Because I loved having you in my bed, on top of me, your scent flooding my nostrils.
“I could ask the same of you.”

“I thought it was some kind of weird dream state, a kind of fantasy. I thought my subconscious was living out what I refused to do in my conscious life.”

At that he smiled, but not kindly. “So this was your fantasy? You on top?”

She covered her face with her hands. More pink showed between her splayed fingers and crept toward her chin. He was pushing her, but that’s what a man did when a woman held up a mirror and the man saw his reflection but disliked what he saw. And yes, it made him a bastard.

His conscience kicked in. He hadn’t always been such a prick.

He ran a hand through his hair. “Look, why don’t you sit down and we’ll talk this through. We’ll figure this out together. And I’ll … try not to be so abrasive. This whole thing has kicked me out of stride.” He gestured to the black leather sofa flanking the long wall to the left of the door.

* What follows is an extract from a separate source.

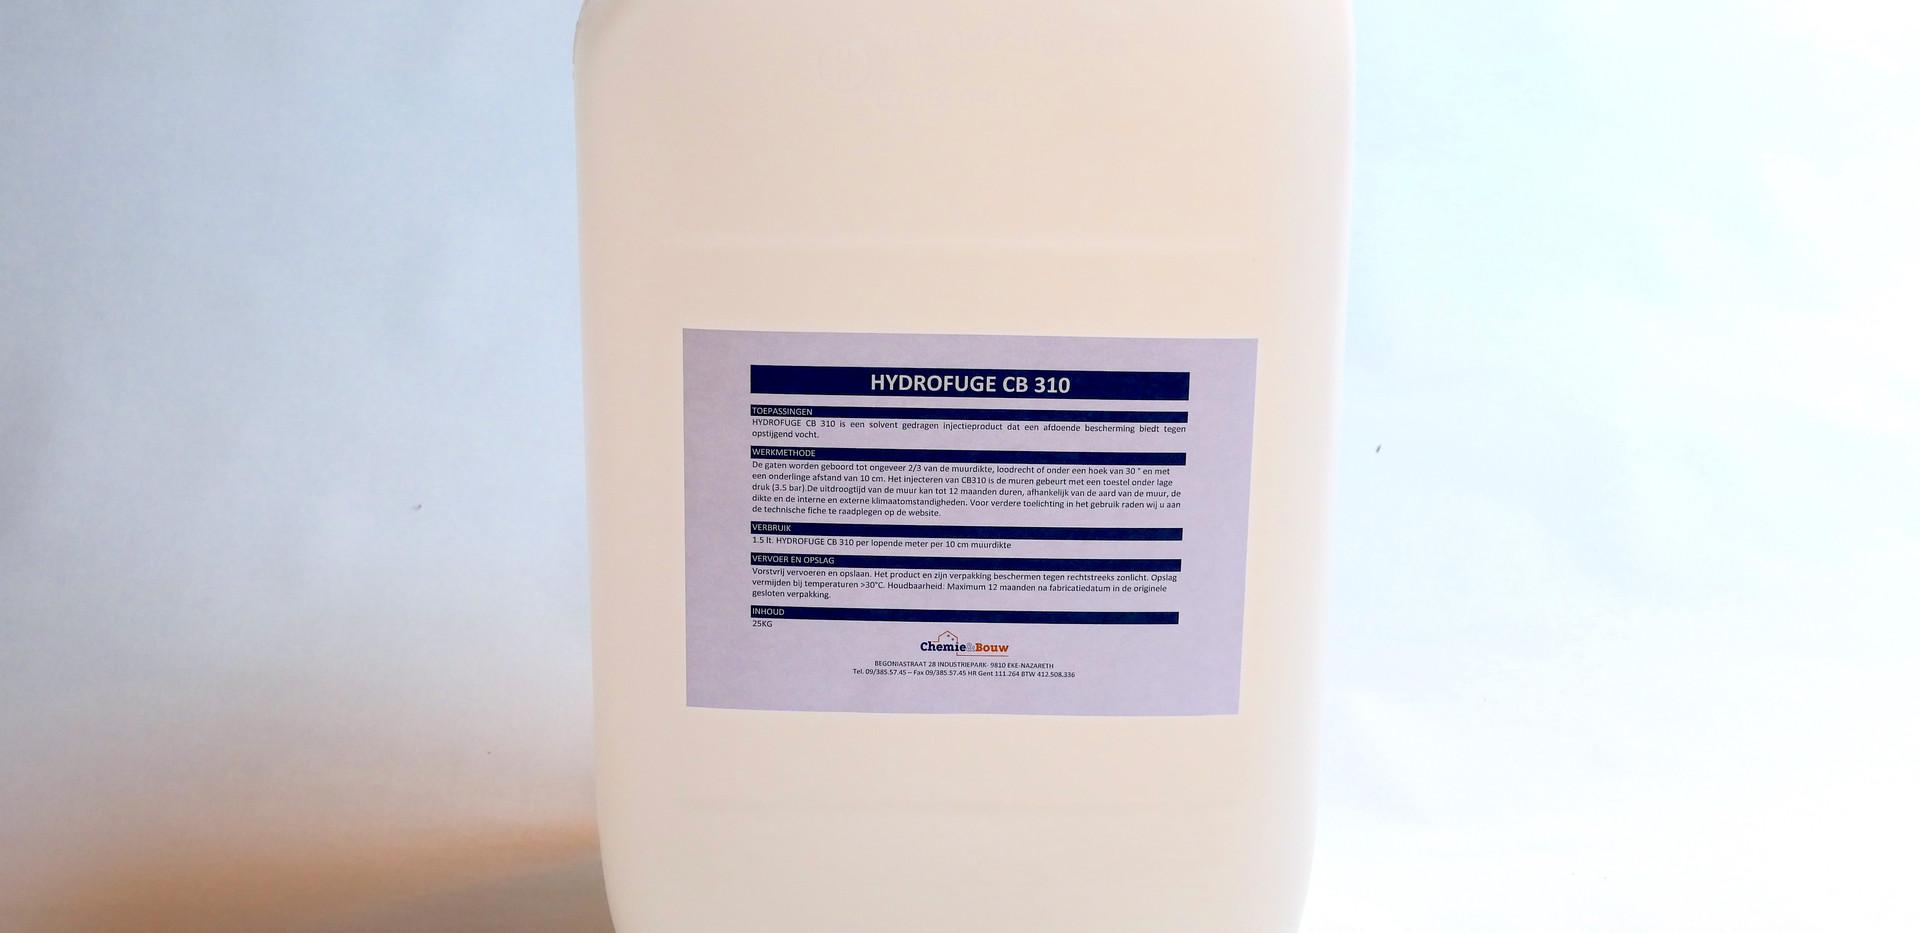 Hydrofuge CB310.JPG

She nodded. “Fine.” She picked up her purse and crossed in front of him.

He noticed her immaculate makeup, the careful striation of eye shadow, eyeliner, the tweezed, arched brows. She carried Marc Jacobs. She looked sleek, fit, stylish. He would have gone for her in any dimension.

She set her purse beside the sofa and sat down at the end nearest the windows, her gaze once more settled outside. “You have a lovely view of the sound.”

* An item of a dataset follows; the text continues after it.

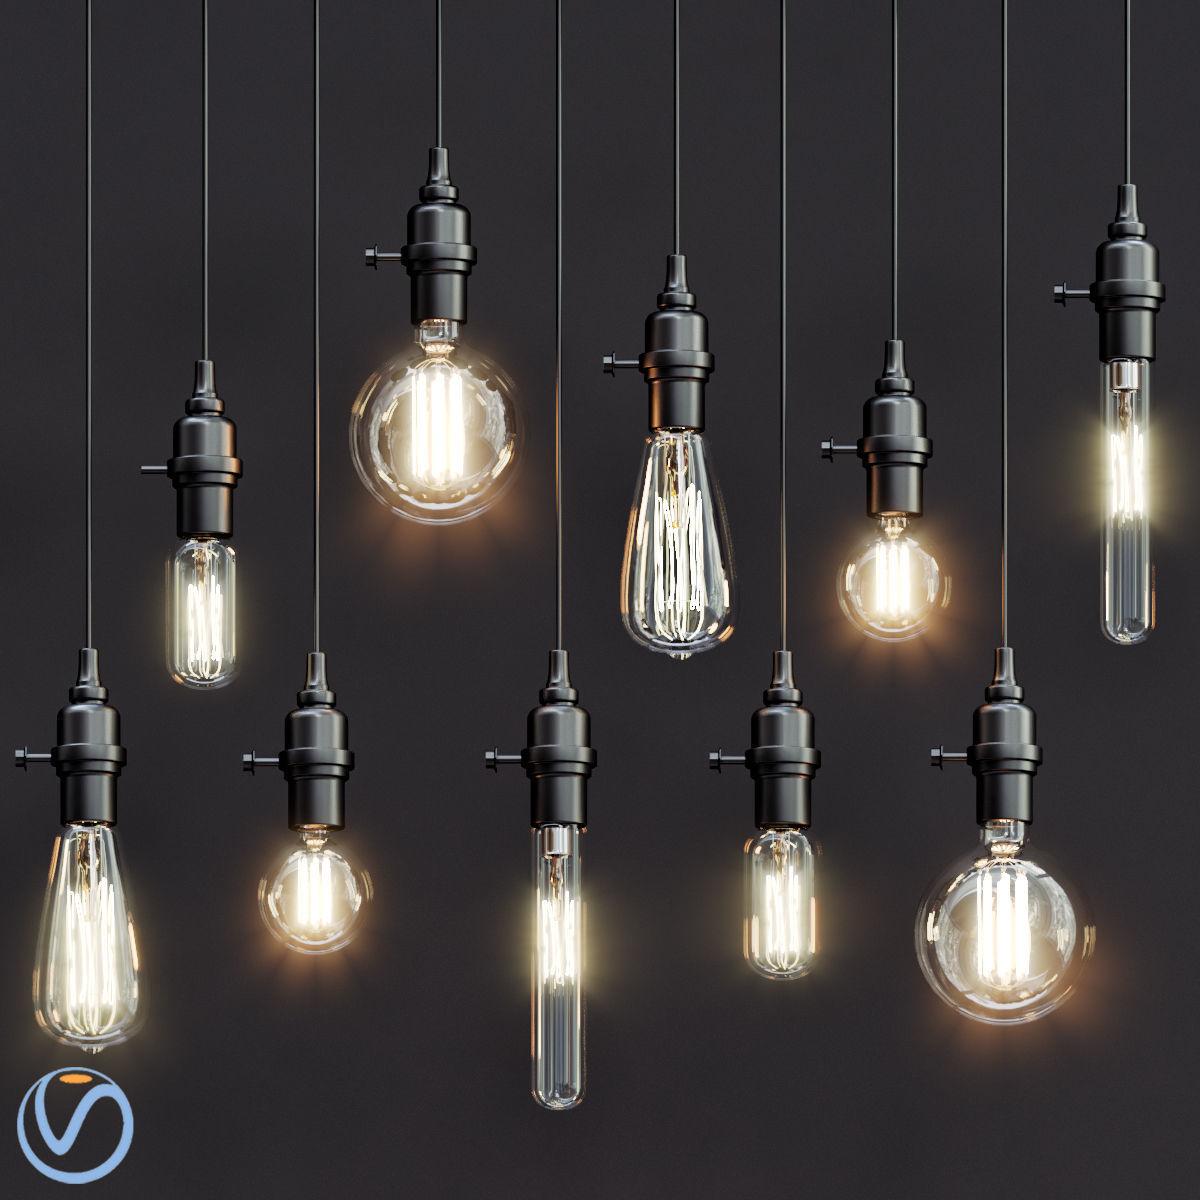 Vintage Style Pendant Lights Model

“I have a house on Bainbridge. It’s kind of rustic over there. Most of the island is very wooded but my house is on a spur of beachfront.” So why was he telling her this? He didn’t sit down but stood very still in front of her, watching her, savoring her beauty.

Her brow wrinkled. “Is that the place … where I come to you? In your bedroom on Bainbridge?”

He nodded. “Yes.”

*   *   *

 

Havily watched him. She felt exhausted, and she’d only been in his presence a few minutes. Her emotions were all over the place, as though she’d been dumped in a washing machine and set on the agitation cycle.

She was embarrassed and humiliated by the conversation. It had never occurred to her, not once, that she might be responsible for what had been happening between them, which in turn meant that he had every right to gloat and punish.

She wanted to disappear and for a moment thought about dematerializing … anywhere. Instead she murmured, “I used to live in this part of the world, on Mortal Earth.”

He glanced out the window then back. “You did? Here in Seattle?”

She shook her head. “North. Vancouver Island. My husband and I had a farm outside Victoria, a few miles from present-day Butchart Gardens.”